Оля туберкулеза не боялась, она вообще ничего раньше не боялась, лишь после того, как с ней случилось это, появился страх. Она боялась не успеть сделать за оставшиеся шесть лет то, что возможно, все остальное было не страшно. Раньше, когда ей еще казалось, что она слышит голос, ее странный собеседник сказал: «Каждый твой неправильно прожитый день – это десять тысяч человек, которые могли бы остаться жить. Поэтому не бойся ничего, страшно будет потом, если мы не успеем».
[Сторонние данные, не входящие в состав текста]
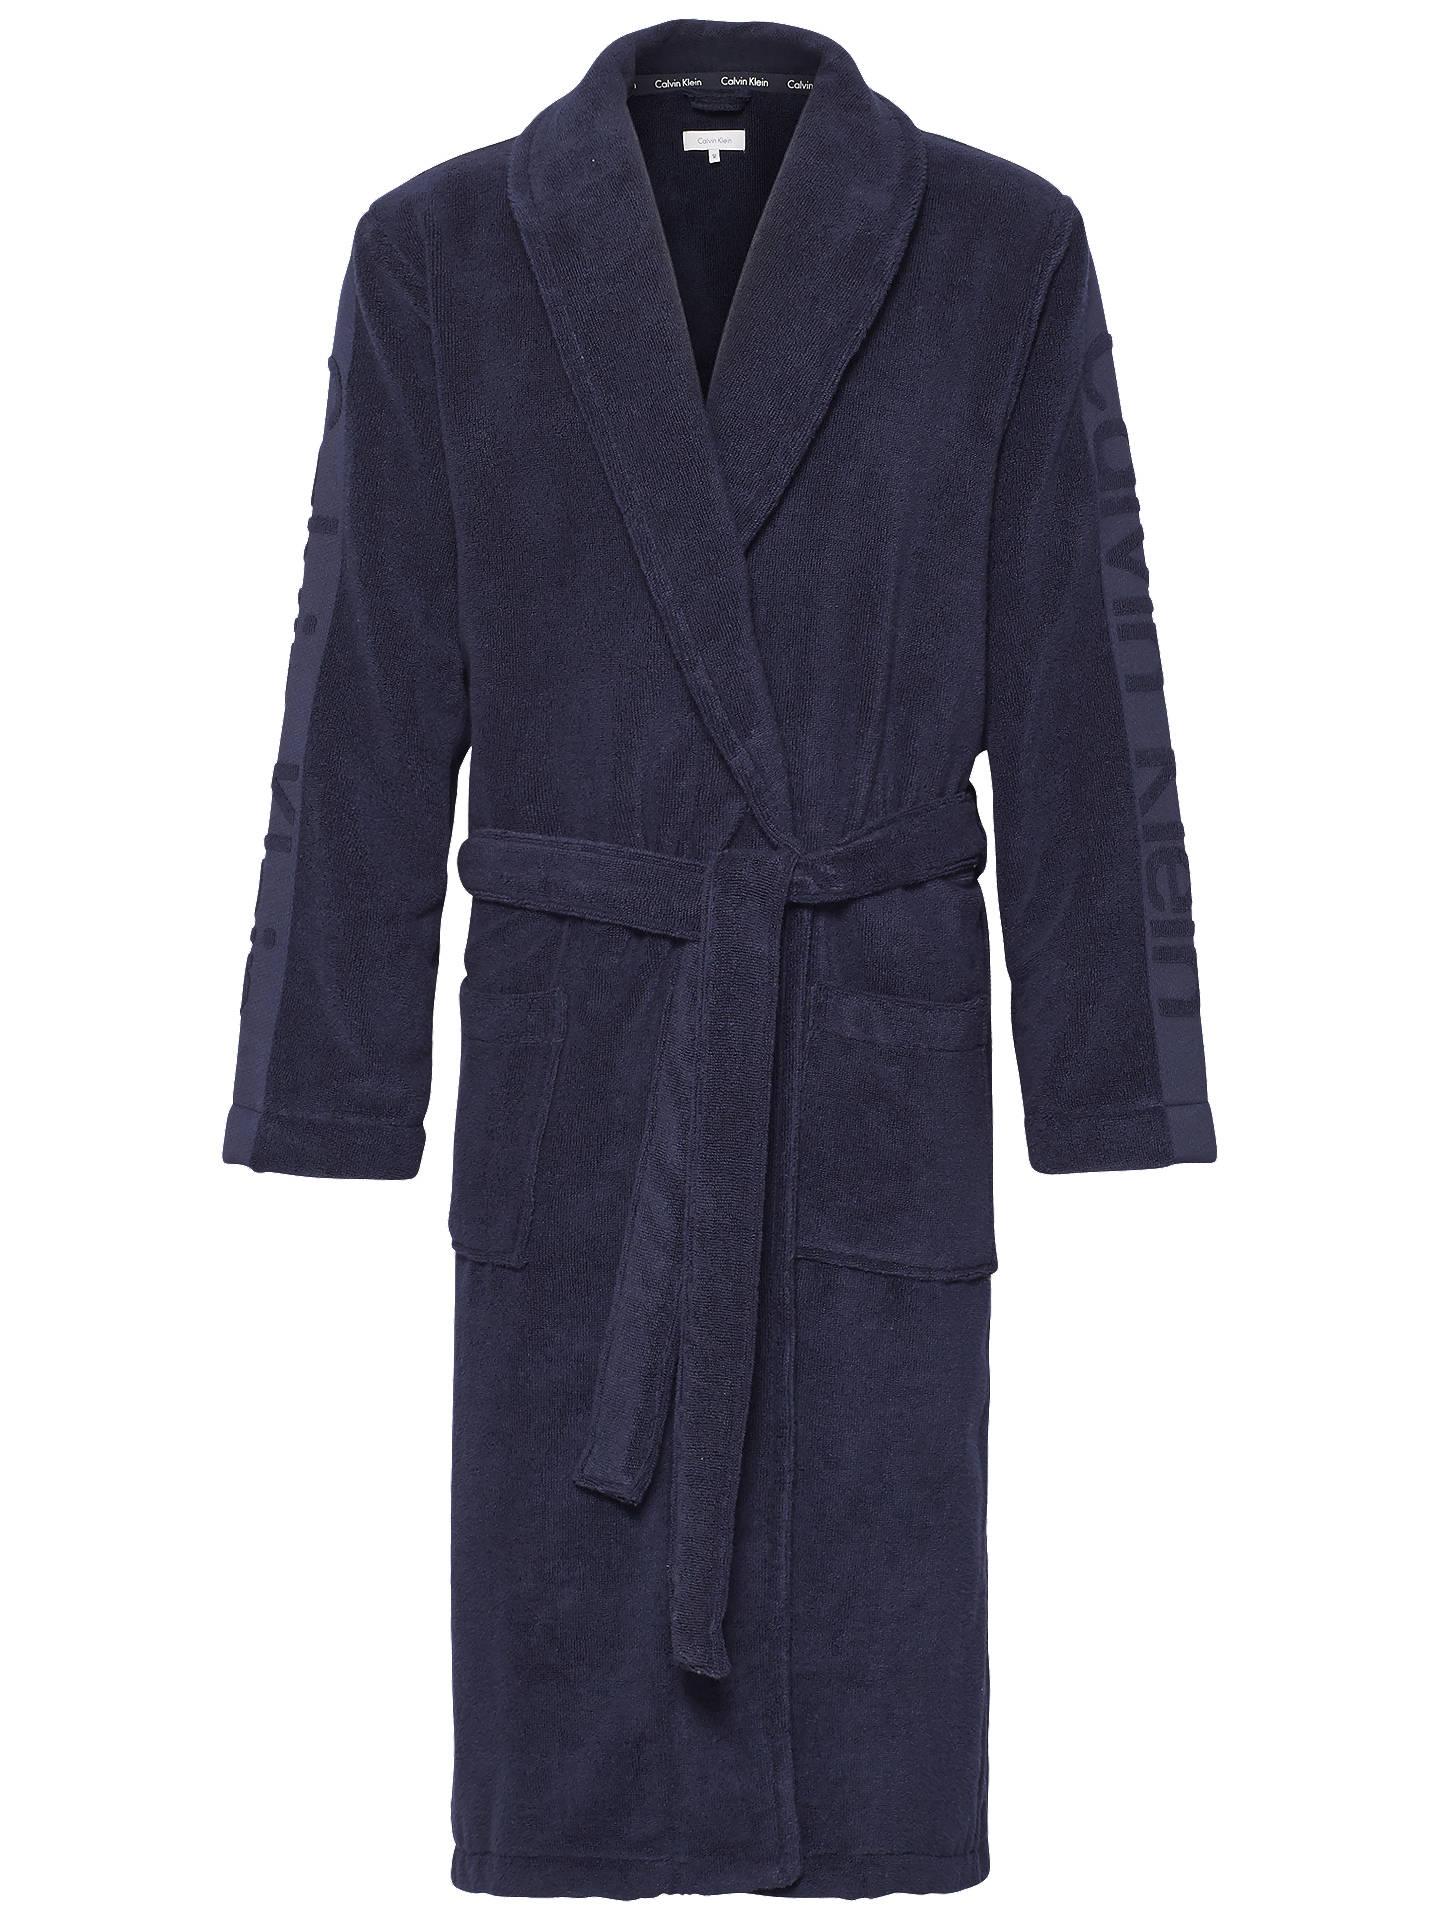 Calvin Klein Cotton Wrap Dressing Gown, Navy at John Lewis & Partners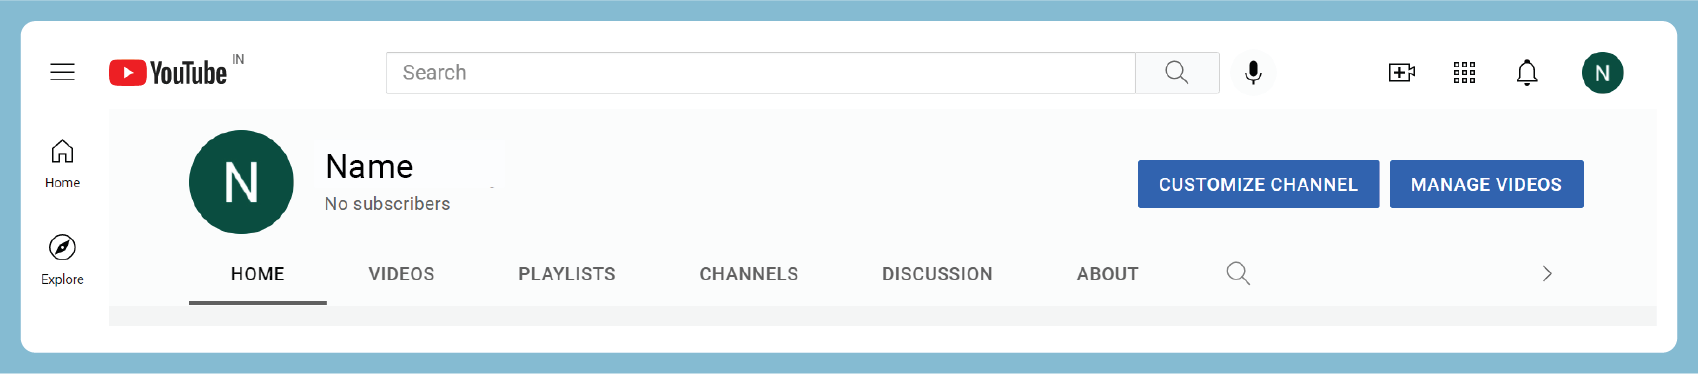 Customizin the YouTube channel

Оля дала Анне Петровне триста рублей, на год вперед, и попросила побыстрее оформить бумаги,
Сейчас, лежа на кровати, она еще раз прокручивала события последних нескольких часов, пытаясь определить, все ли учтено и где возможны неожиданные трудности. Идея операции пришла ей в голову, когда Стрельцова стояла в кабинете и слушала этого придурка, а перед ним лежало ходатайство. Мысль была простая и очевидная – если на этой бумаге появится положительная резолюция, а автор резолюции умрет от травм, полученных в результате бандитского нападения, проблема будет решена. Лидию Федоровну наверняка назначат исполняющей обязанности, та знает Анну Петровну, Олю считает ее племянницей, она отменять резолюцию не будет. Да и причин ее отменять нет. Тем более, чтобы временно исполняющему обязанности отменить резолюцию безвременно почившего шефа… да такого еще в обычной жизни никто не слышал! В политике да, такое случалось сплошь и рядом, но в средней школе подобное событие нечто из области ненаучной фантастики.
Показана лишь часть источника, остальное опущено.